We have transition matrix $$P = \begin{bmatrix} 1 - \sqrt{x} & \sqrt{x}\\ \frac{1}{2} & \frac{1}{2} \end{bmatrix} = \begin{bmatrix} 1 & -2\sqrt{x}\\ 1 & 1 \end{bmatrix} \begin{bmatrix} 1 & 0\\ 0 & \frac{1}{2}-\sqrt{x} \end{bmatrix} \begin{bmatrix} \frac{1}{1 + 2\sqrt{x}} & \frac{2\sqrt{x}}{1 + 2\sqrt{x}}\\ -\frac{1}{1 + 2\sqrt{x}} & \frac{1}{1 + 2\sqrt{x}} \end{bmatrix},$$ so \begin{align*} X_1 &= \begin{bmatrix} \frac{1}{2}\\ \frac{1}{2} \end{bmatrix}\\ \implies X_i = X_1^TP^{i-1} &= \begin{bmatrix} \frac{1}{2}\\ \frac{1}{2} \end{bmatrix}^T \begin{bmatrix} 1 & -2\sqrt{x}\\ 1 & 1 \end{bmatrix} \begin{bmatrix} 1 & 0\\ 0 & \left (\frac{1}{2}-\sqrt{x}\right )^{i-1} \end{bmatrix} \begin{bmatrix} \frac{1}{1 + 2\sqrt{x}} & \frac{2\sqrt{x}}{1 + 2\sqrt{x}}\\ -\frac{1}{1 + 2\sqrt{x}} & \frac{1}{1 + 2\sqrt{x}} \end{bmatrix}\\ &= \begin{bmatrix} \frac{1 - \left (\frac{1}{2} - \sqrt{x} \right )^i}{1 + 2\sqrt{x}}\\ \frac{2\sqrt{x} + \left (\frac{1}{2} - \sqrt{x} \right )^i}{1 + 2\sqrt{x}} \end{bmatrix} \end{align*} Thus, \begin{align*} \mathbb{E}[X_i] &= \frac{2\sqrt{x} + \left (\frac{1}{2} - \sqrt{x} \right )^i}{1 + 2\sqrt{x}}\\ \implies E_n(x) = \mathbb{E}[M] &= \left ( \frac{3}{4} + x \right ) \left (\sum_{i = 1}^n \frac{2\sqrt{x} + \left (\frac{1}{2} - \sqrt{x} \right )^i}{1 + 2\sqrt{x}}\right ) - nx\\ &= \left ( \frac{3}{4} + x \right ) \left (\frac{(4nx + 1) + 2(n - 1)\sqrt{x} - 2\left (\frac{1}{2} - \sqrt{x}\right )^{n+1}}{\left (1 + 2\sqrt{x}\right )^2}\right ) - nx\\ &= \left ( \frac{3}{4} + x \right ) \left (\frac{1 - 2\sqrt{x} - 2\left (\frac{1}{2} - \sqrt{x}\right )^{n+1}}{\left (1 + 2\sqrt{x}\right )^2}\right ) + \frac{n\left (3\sqrt{x} - 2x \right )}{2 + 4\sqrt{x}} \end{align*} Thus as $n \to \infty$, the total profit is infinite as long as $3\sqrt{x} > 2x$, i.e. $x > 0$.

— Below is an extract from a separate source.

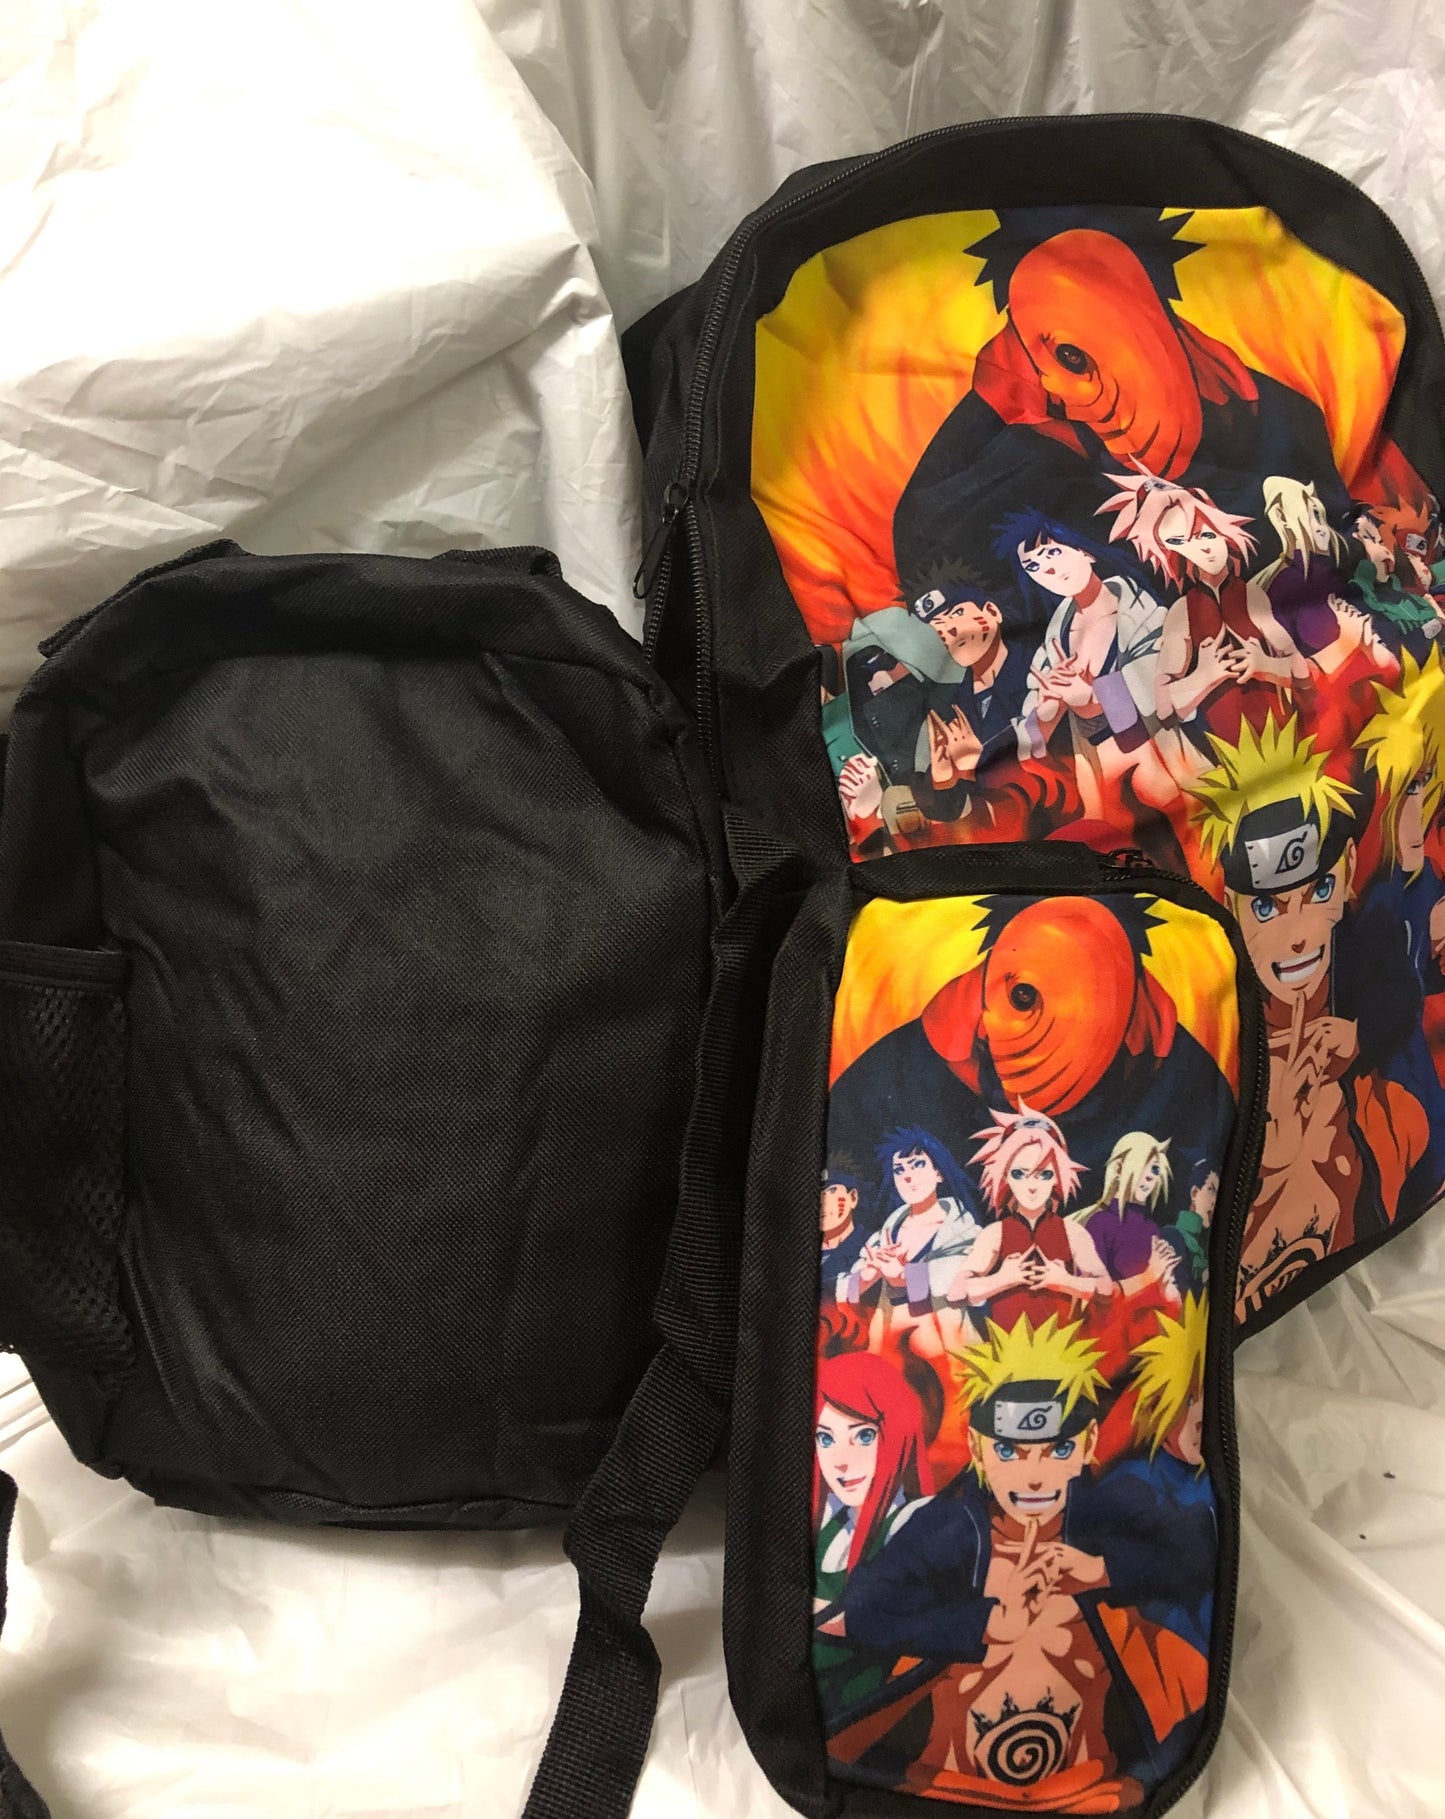 Anime Naruto Backpack For Adult Girl Or Boy "New Arrival"
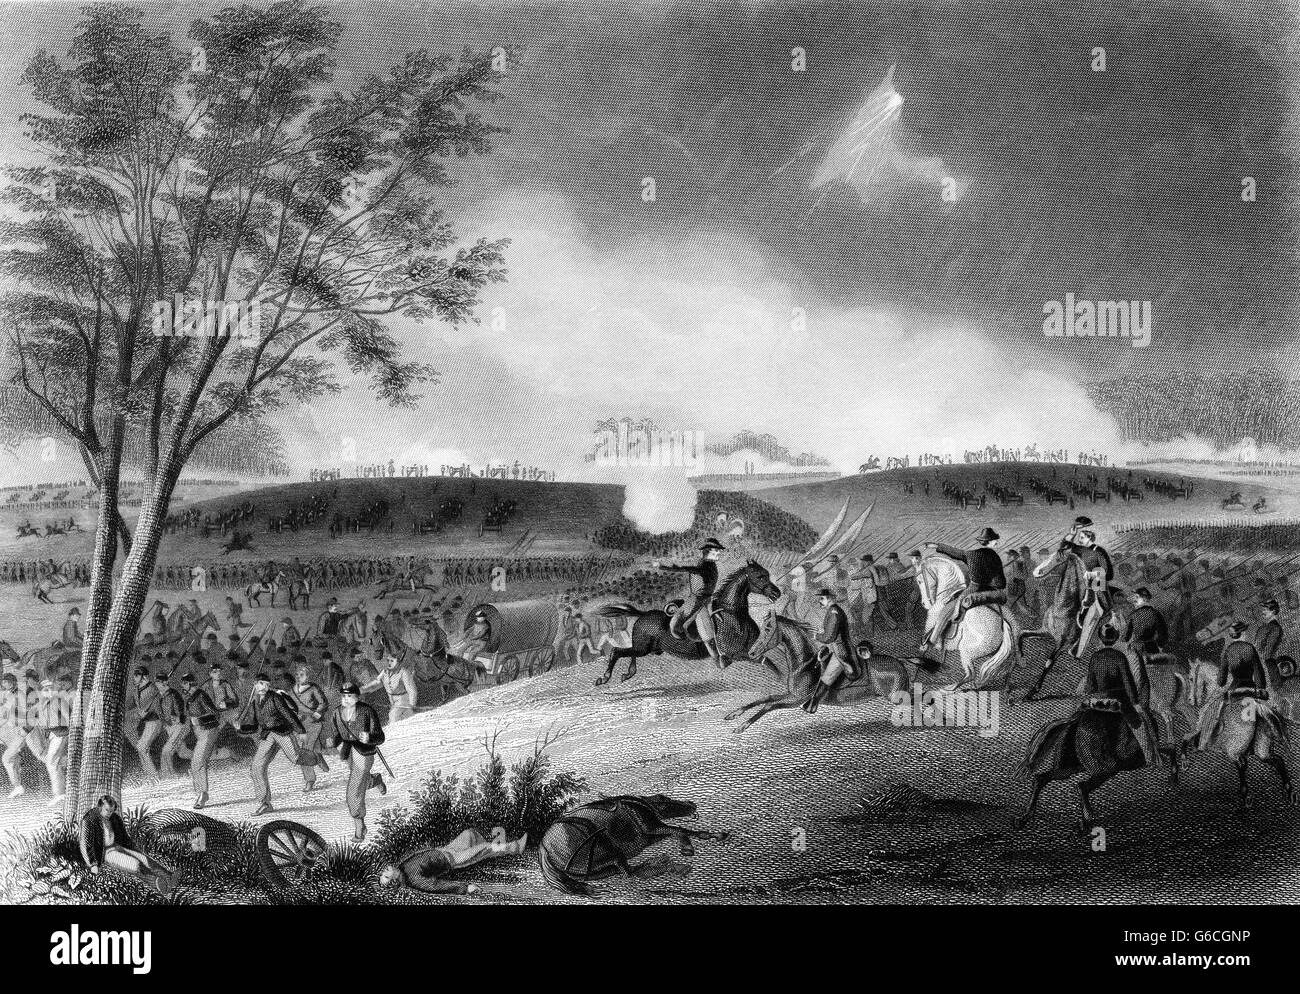 1860s MAY 1863 GENERAL SICKLES COVERING THE RETREAT OF UNION FORCES BATTLE OF CHANCELLORSVILLE SPOTSYLVANIA COUNTY VIRGINIA USA Stock Photo

On the other hand, if we wanted to maximise the eventual daily profit then we go back to our distribution for $X_i$ and take $i \to \infty$ to get $X = \begin{bmatrix} \frac{1}{1 + 2\sqrt{x}}\\ \frac{2\sqrt{x}}{1 + 2\sqrt{x}} \end{bmatrix}$, so the expected profit made is $\left (\frac{3}{4} + x\right )\mathbb{E}[X] - x = \frac{3\sqrt{x} - 2x}{2 + 4\sqrt{x}}$, which is maximised when $x = \frac{1}{4}$.

Therefore, to maximise daily profit, the club should spend $250$ pounds.